How to complete this task: Give the data back exactly. Leave out any images.

Stored data:
--------

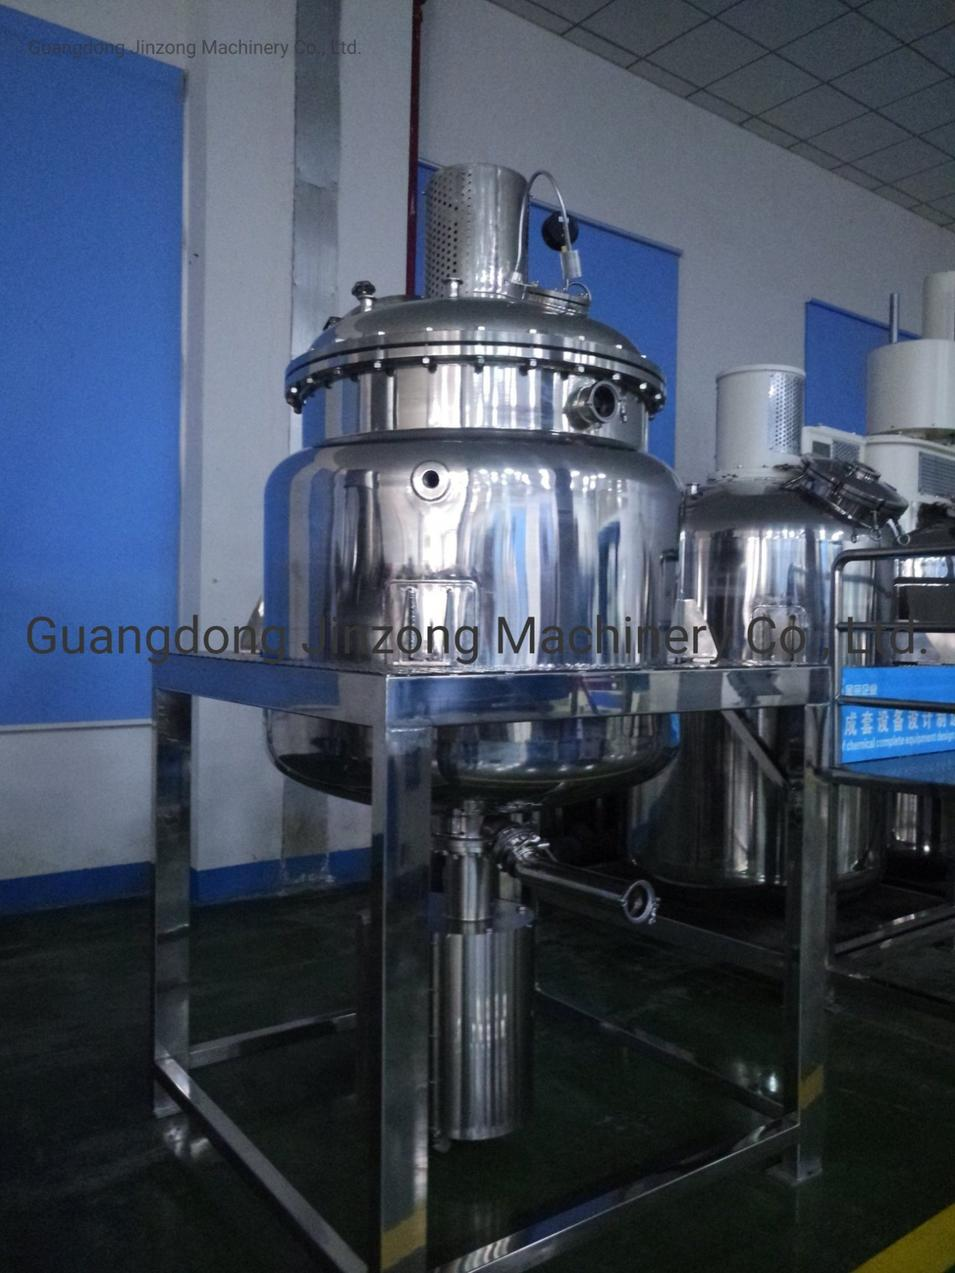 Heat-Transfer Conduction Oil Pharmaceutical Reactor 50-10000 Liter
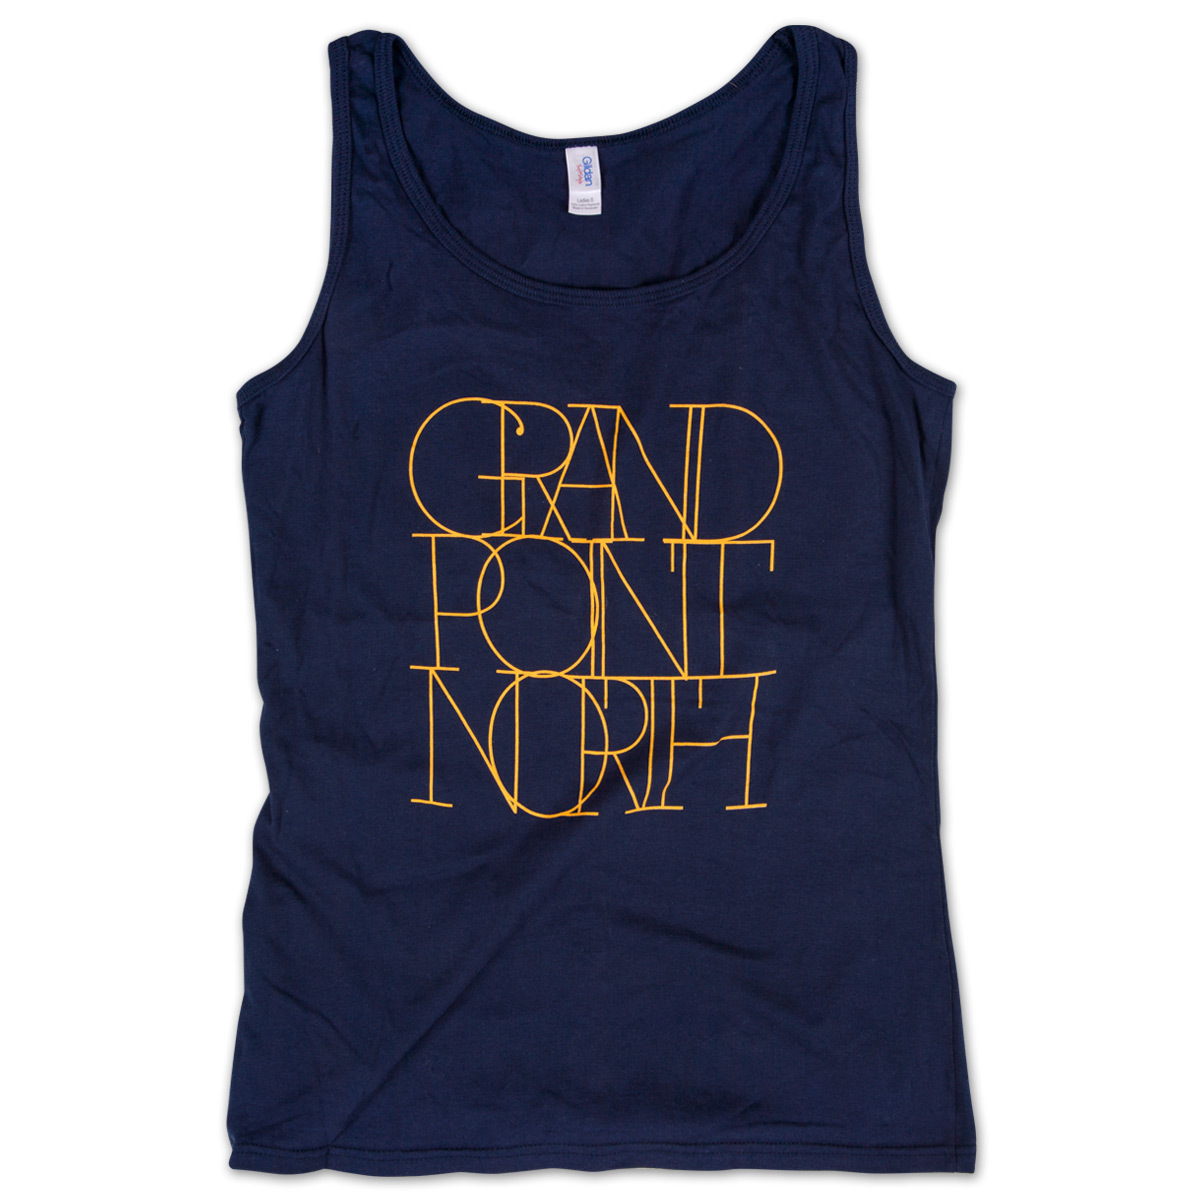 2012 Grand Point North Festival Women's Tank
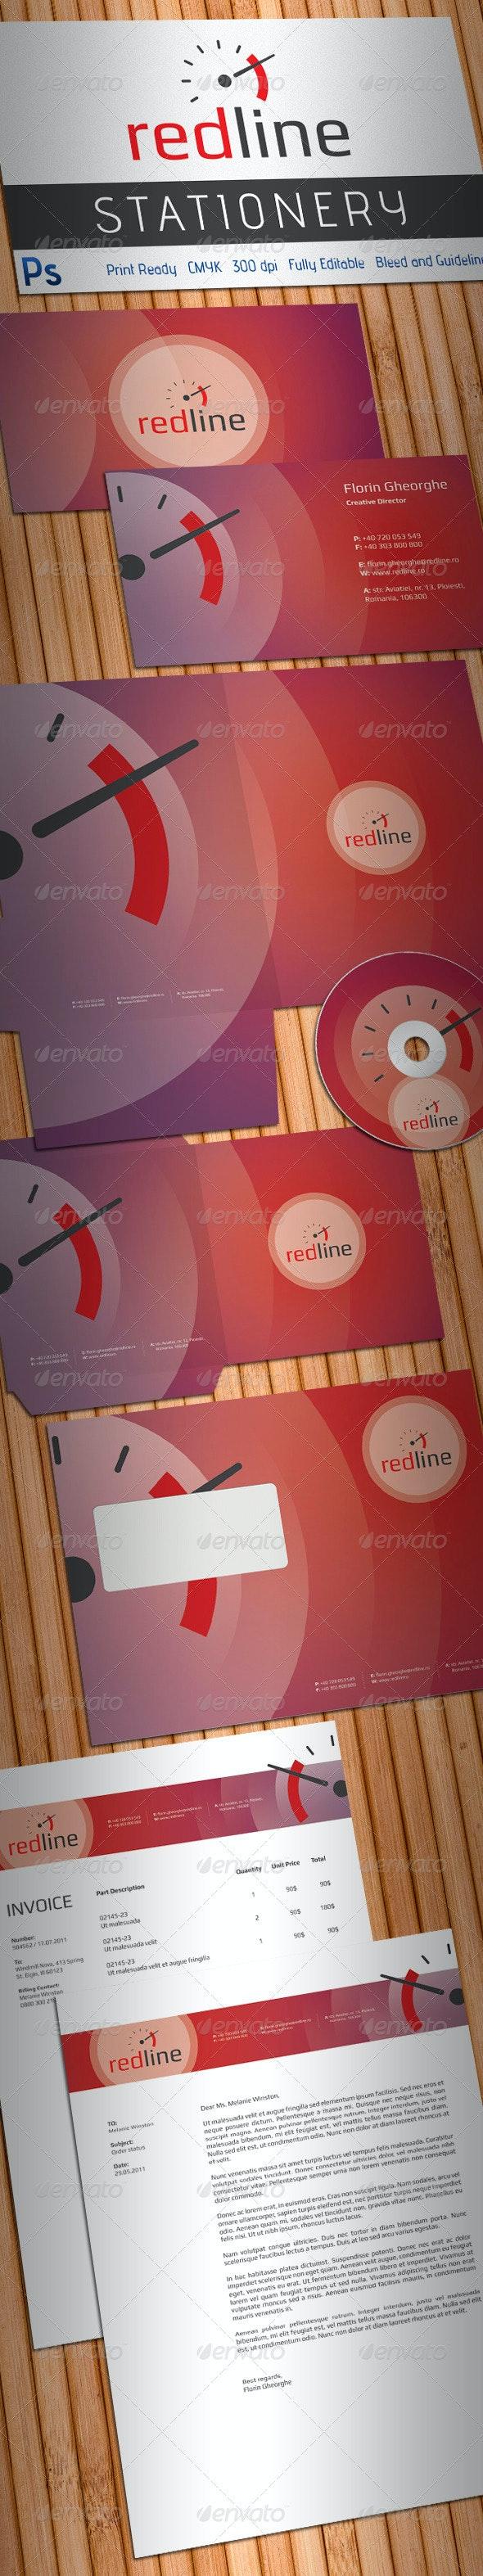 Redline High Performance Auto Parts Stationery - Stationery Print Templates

--------

Output:
 Heat-Transfer Conduction Oil Pharmaceutical Reactor 50-10000 Liter
 2012 Grand Point North Festival Women's Tank
 Redline High Performance Auto Parts Stationery - Stationery Print Templates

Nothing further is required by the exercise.